**TASK DIRECTIONS**
Go to the line that contains "Tammy T-Shirt Dress in Spring Blooms" in the listing below, then output it and every line after it exactly, omitting pictures.

**DATASET EXTRACT**
____________________

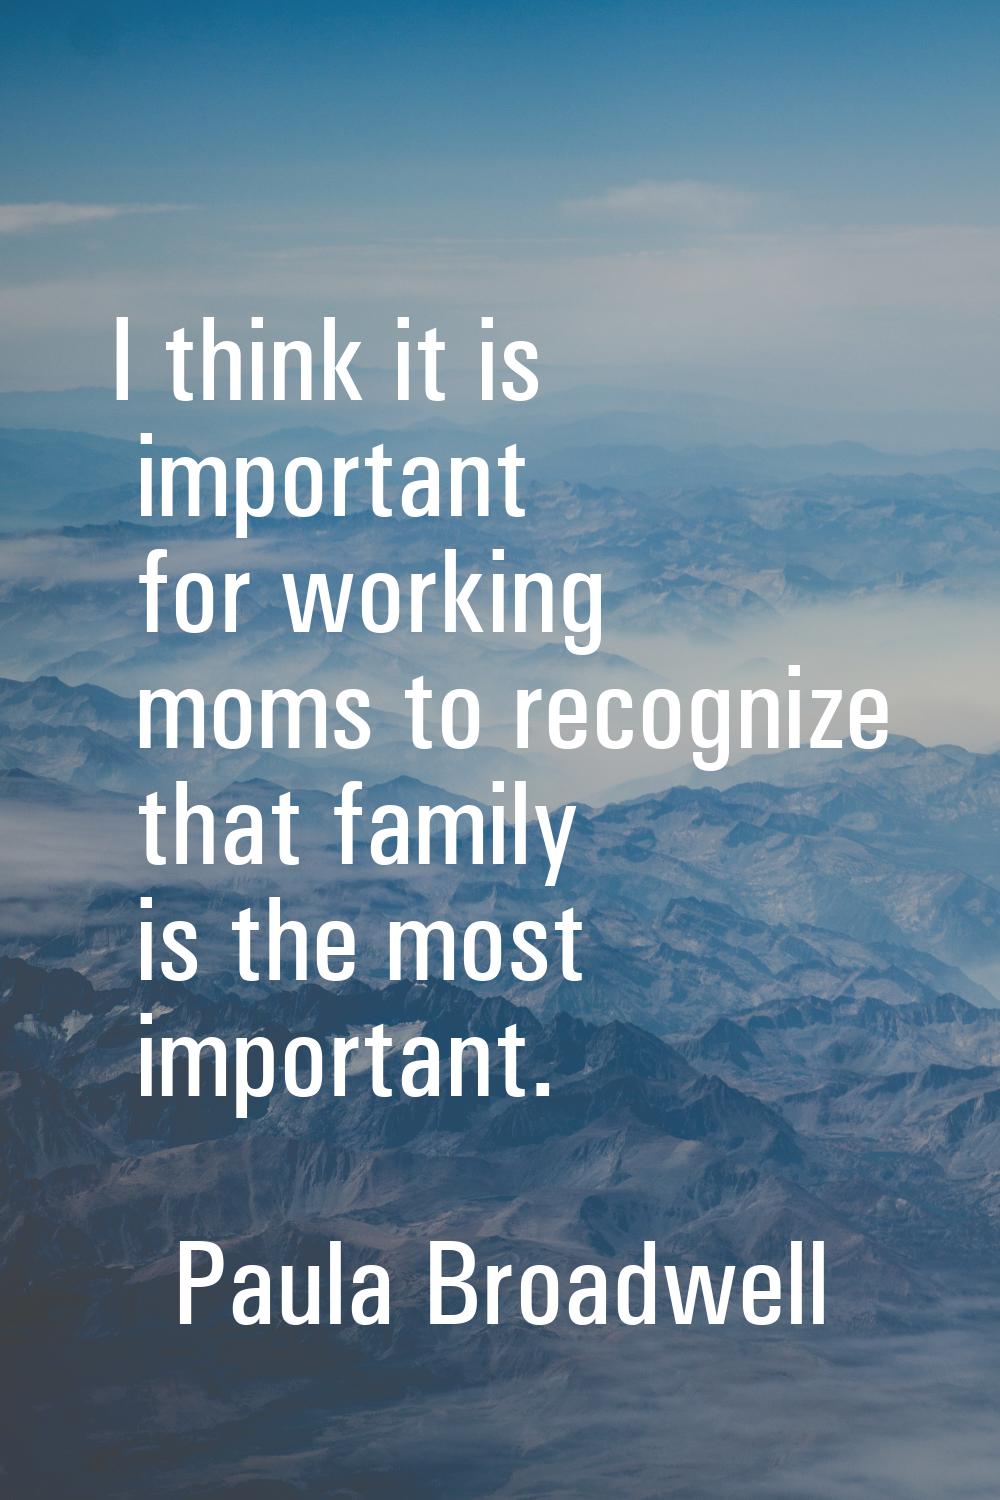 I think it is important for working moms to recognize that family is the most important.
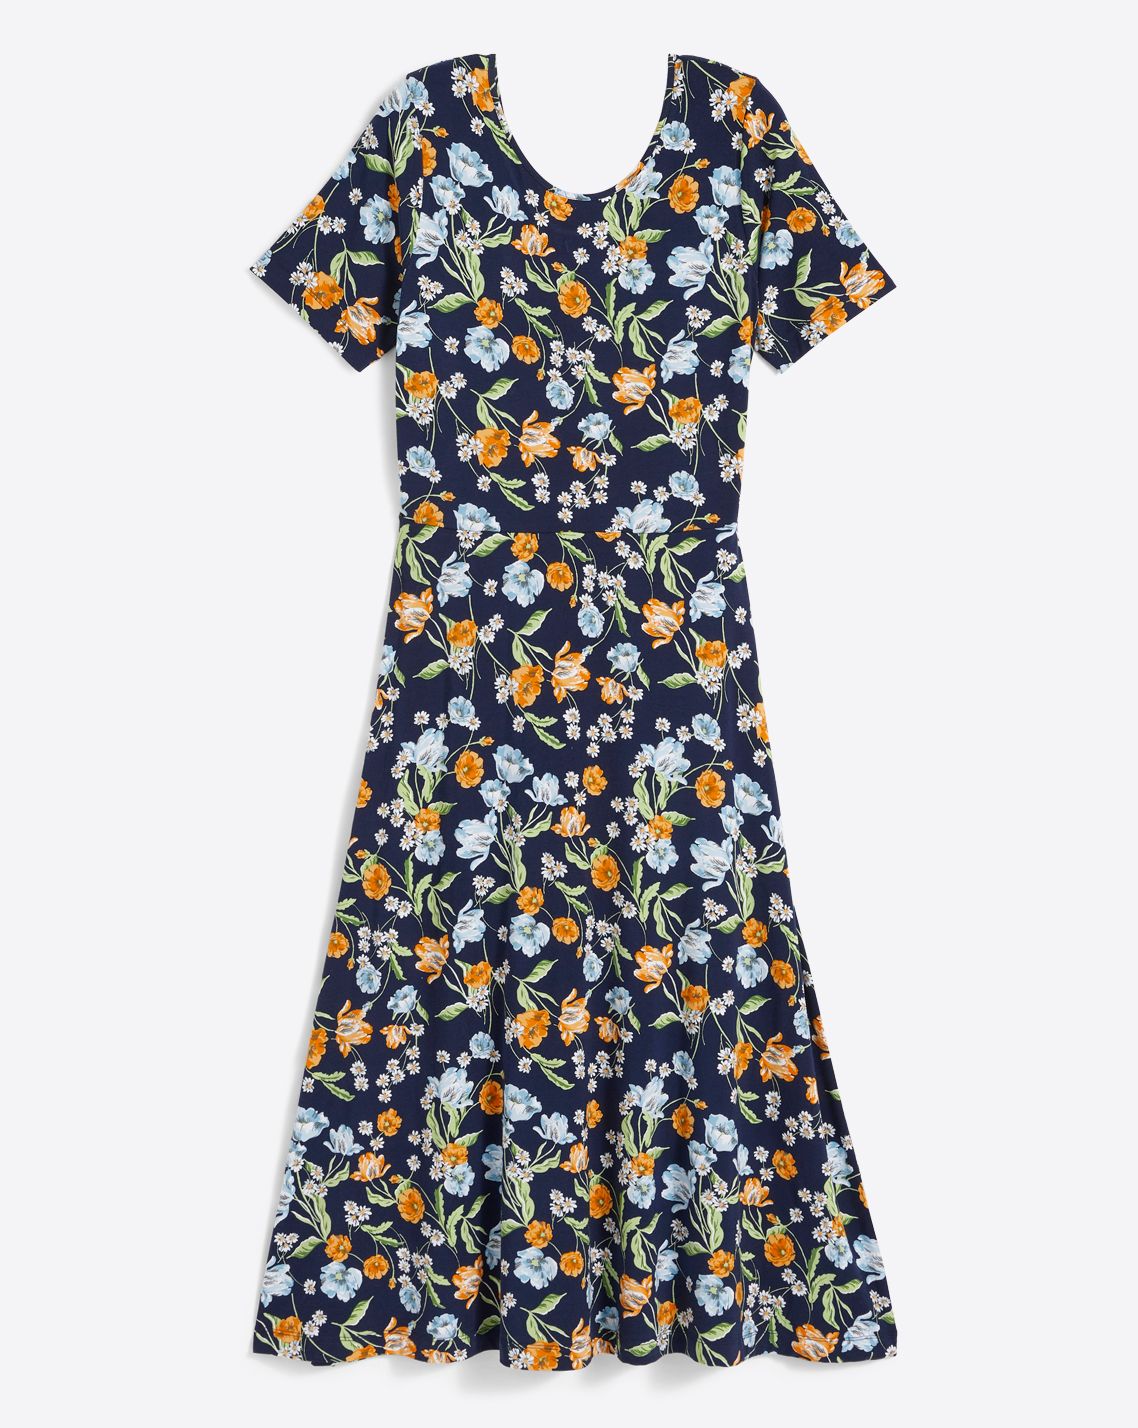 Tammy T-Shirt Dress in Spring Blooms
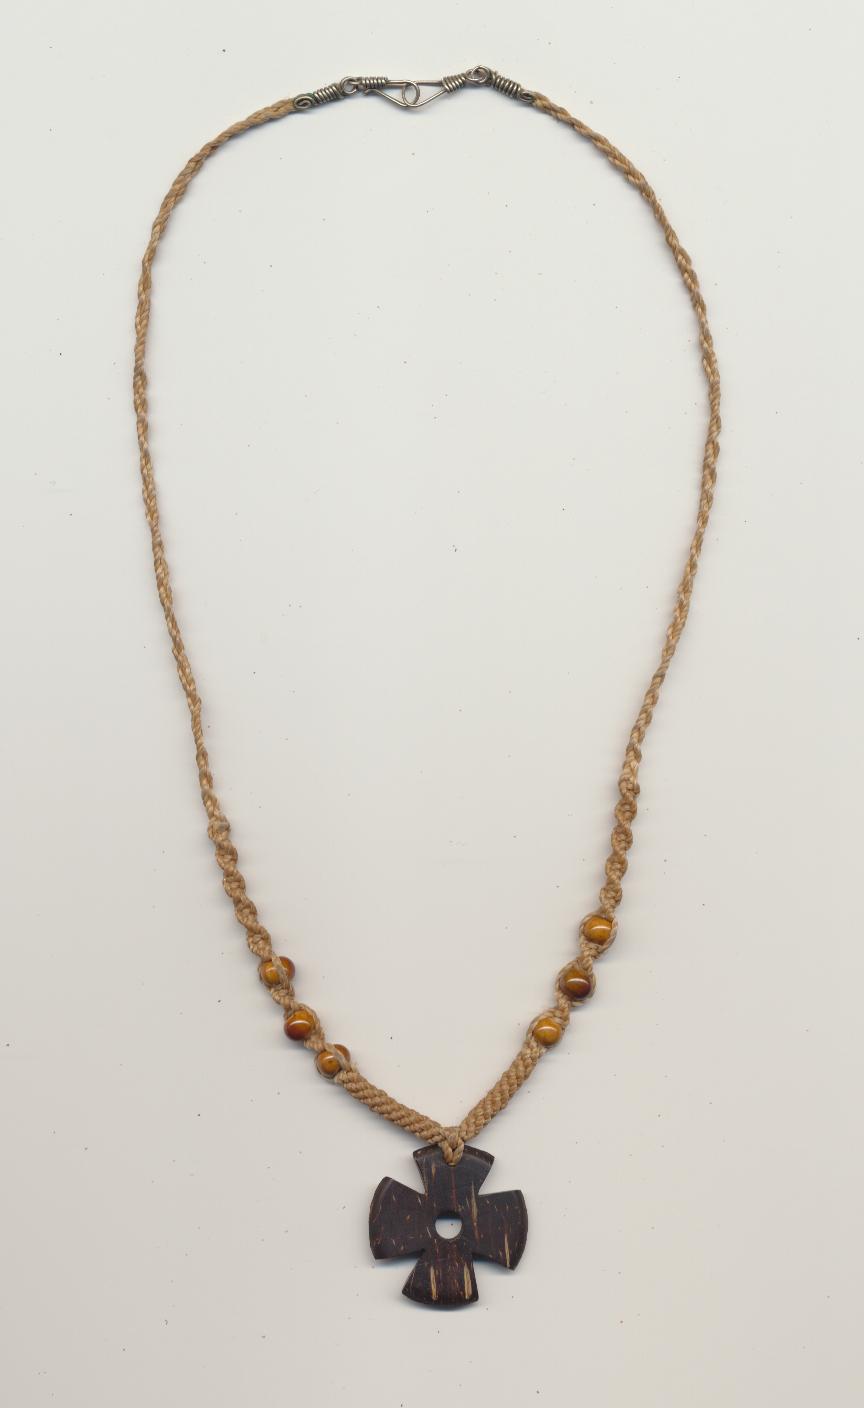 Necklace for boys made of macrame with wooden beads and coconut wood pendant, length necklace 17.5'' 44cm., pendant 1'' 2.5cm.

____________________

**RESULT FOR THIS TASK**
 Tammy T-Shirt Dress in Spring Blooms
 Necklace for boys made of macrame with wooden beads and coconut wood pendant, length necklace 17.5'' 44cm., pendant 1'' 2.5cm.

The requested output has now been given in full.